Mitch had a real dilemma but he was determined to visit with Morrie, and this he eventually did.
This visit became a transforming moment in Mitch’s own life.
Morrie’s wisdom, gleaned from his life experiences, met a place in Mitch’s life.
Very quickly Mitch then reassessed what was of value to him.
He prioritised a time each week, on a Tuesday, to visit with Morrie.
Morrie’s attitude to life, and to living and dying, is inspirational.
“No one exists alone. We must love one another or die,” Morrie tells Mitch. “We learn from what hurts us, as much as from what and who loves us.”
In one special moment, Morrie speaks about his memory of Mitch’s love of music and skill as a musician.
“What happened to your music? Weren’t you passionate about that?” asks Morrie.
Reflecting together, Morrie learnt that this was something that Mitch no longer had time to enjoy, due to his busy work life.
Sharing regularly with Morrie, each Tuesday, brought clarity for Mitch:
- Who he was as a person, and
- What he wanted for himself in life.
Mitch realises he isn’t fulfilled in his busy life.
He is challenged to review the values he holds and what is important in his life.
Shared wisdom enabled Mitch to prioritise a more balanced lifestyle, and to give the things that he loved a place in his week.
He made time to restore meaning to his life, and to rekindle loving relationships.
What a beautiful friendship was rekindled and nurtured with Morrie, who becoming the wise elder, imparted so much of his daily learning from the pages of the book of his life.
Your formal learning has brought you to your Graduation this evening.
However, our learnings can continue.
I encourage each of you to be students of life, with your ongoing teacher life itself!
I encourage you to bring your curiosity, interest and compassion to your experiences and encounters.
Be sure to ‘tune in’ to the valuable lessons, available for all of us, each and every day.
In these times, when there is much pressure in the workplace, and people get ‘caught up’, like Mitch, in the whirlwind of their own or management’s expectation, remaining true to yourself and to your goals is important.
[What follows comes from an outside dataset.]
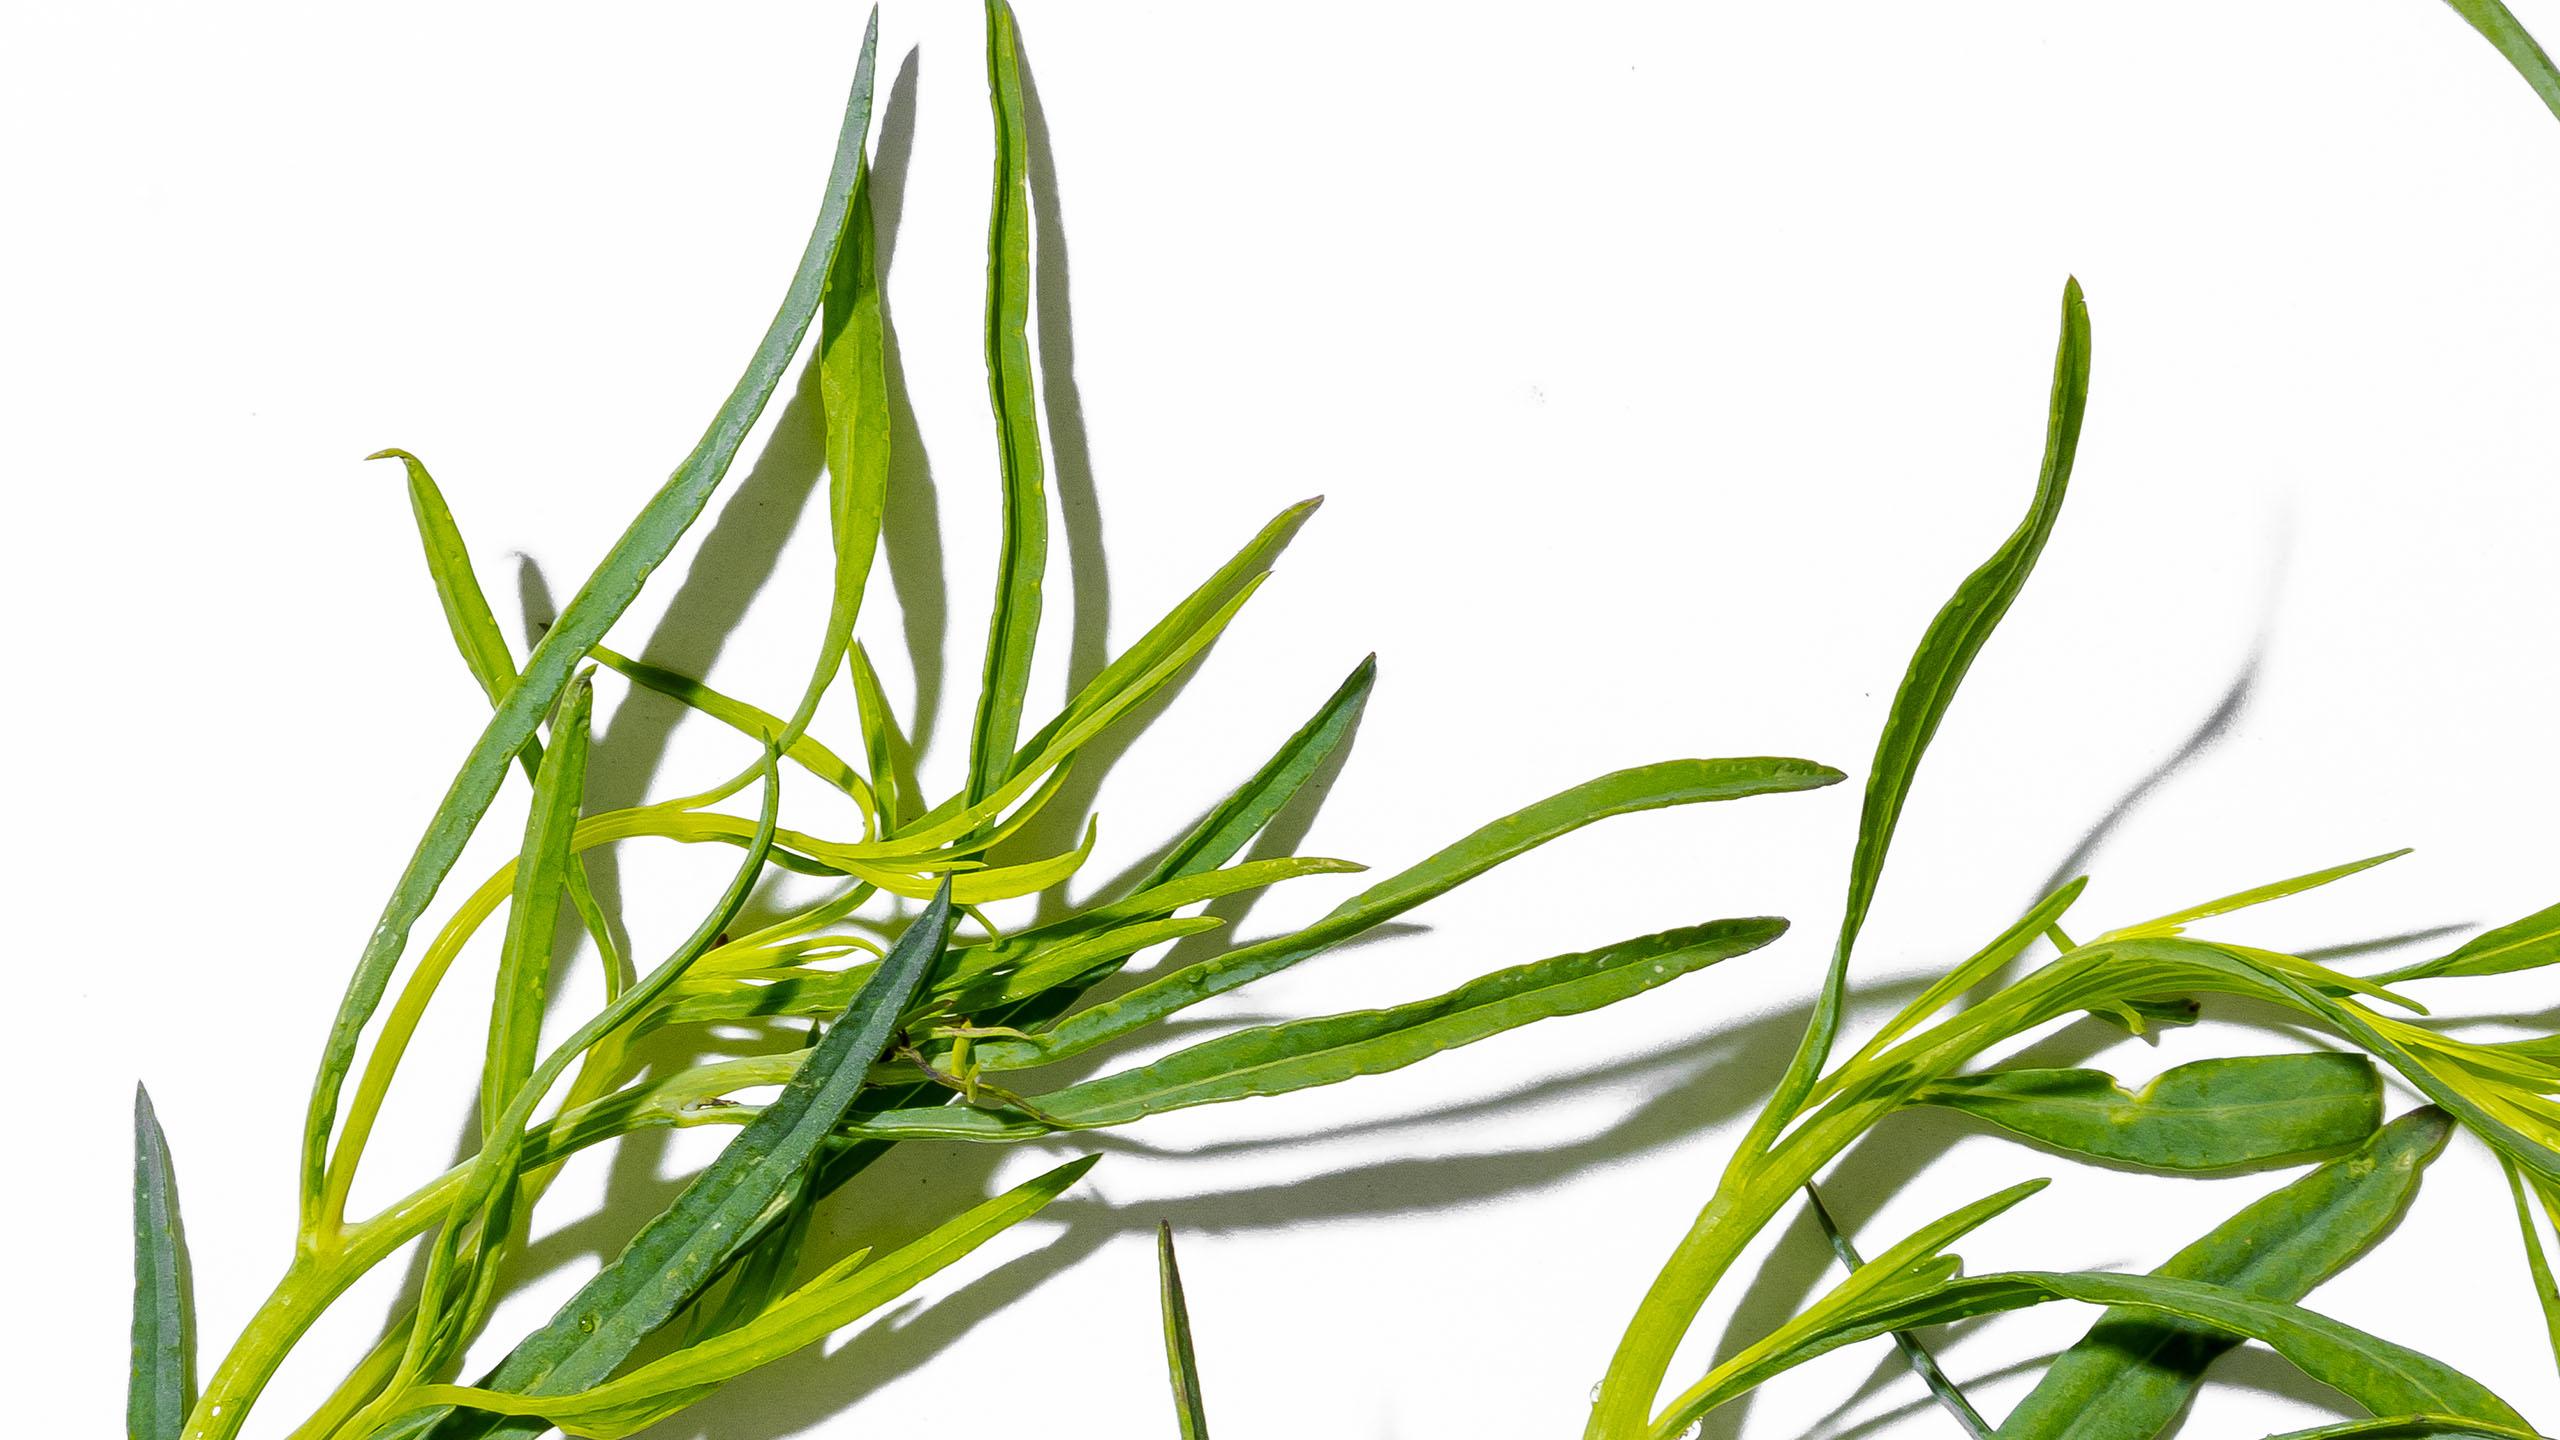 chepil, hierbas frescas

Young and keen to contribute, I wish you well.
Don’t wait till, like Mitch, you become overwhelmed.
Remember a place for leisure and pleasure – for what you love being involved in!
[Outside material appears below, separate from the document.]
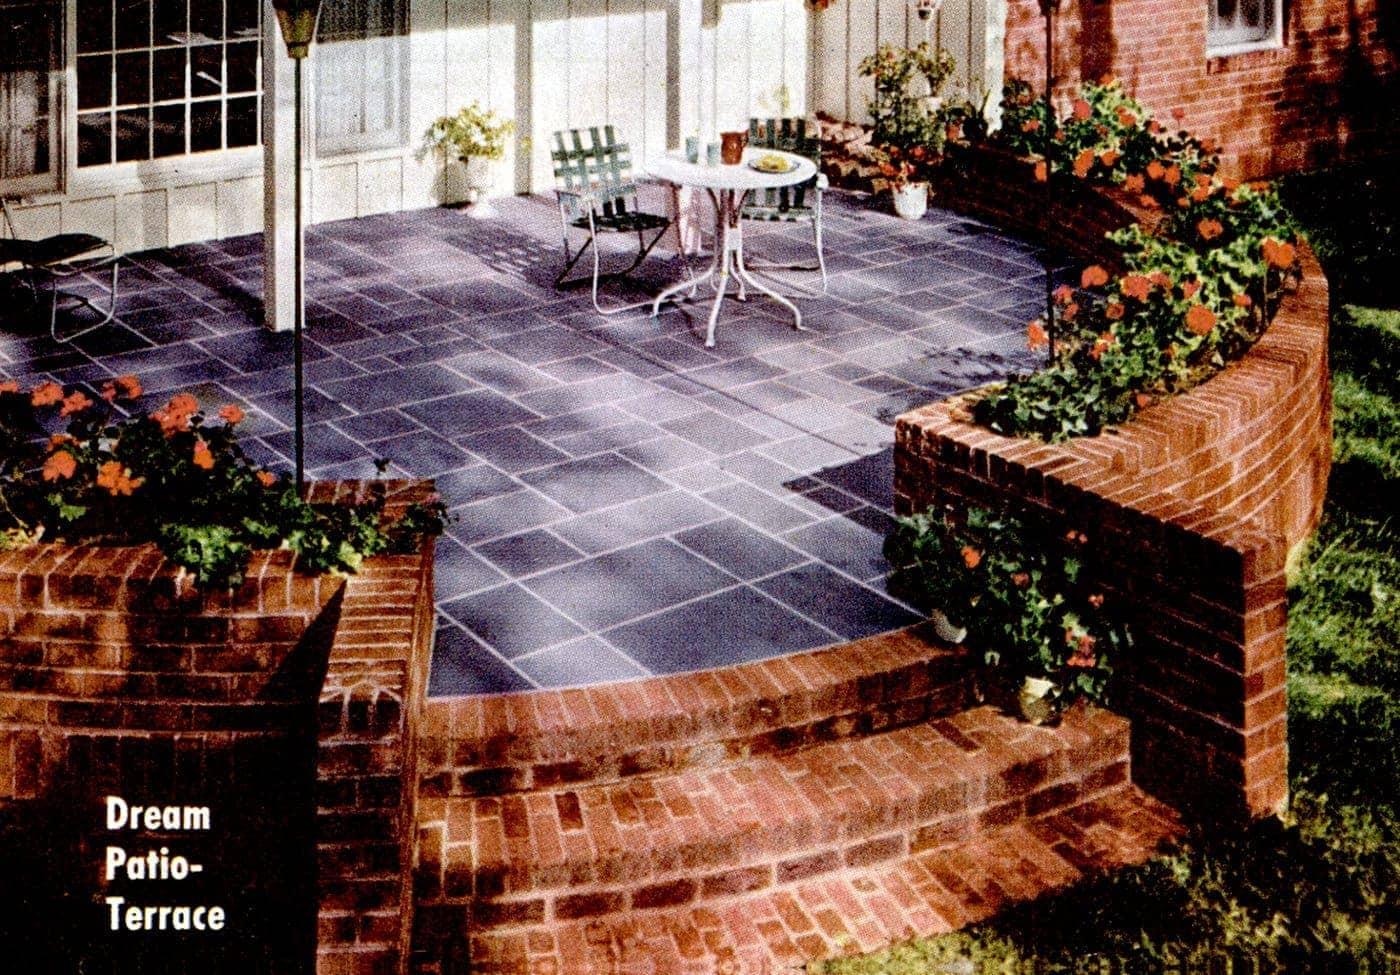 1964 - A dream patio-terrace

What is the ‘music’ in your life that you need to nurture and continue to enjoy to maintain that balance?
I would like to sow a seed for each of you: to seek a wise elder who can be a mentor for, and with, you on your journey of life.
You will enjoy the ride even better!
I conclude with this advice that Polonius gave to his son Laertes, and we read in Shakespeare’s Hamlet:
“This above all to thine own self be true, and it must follow as the night the day, thou canst not then be false to anyone.”
Shakespeare: Act 1: Scene 3, Hamlet
Polonius, King Claudius’ chief Minister, giving his son, Laertes, his blessing and advice on how to behave whilst at University.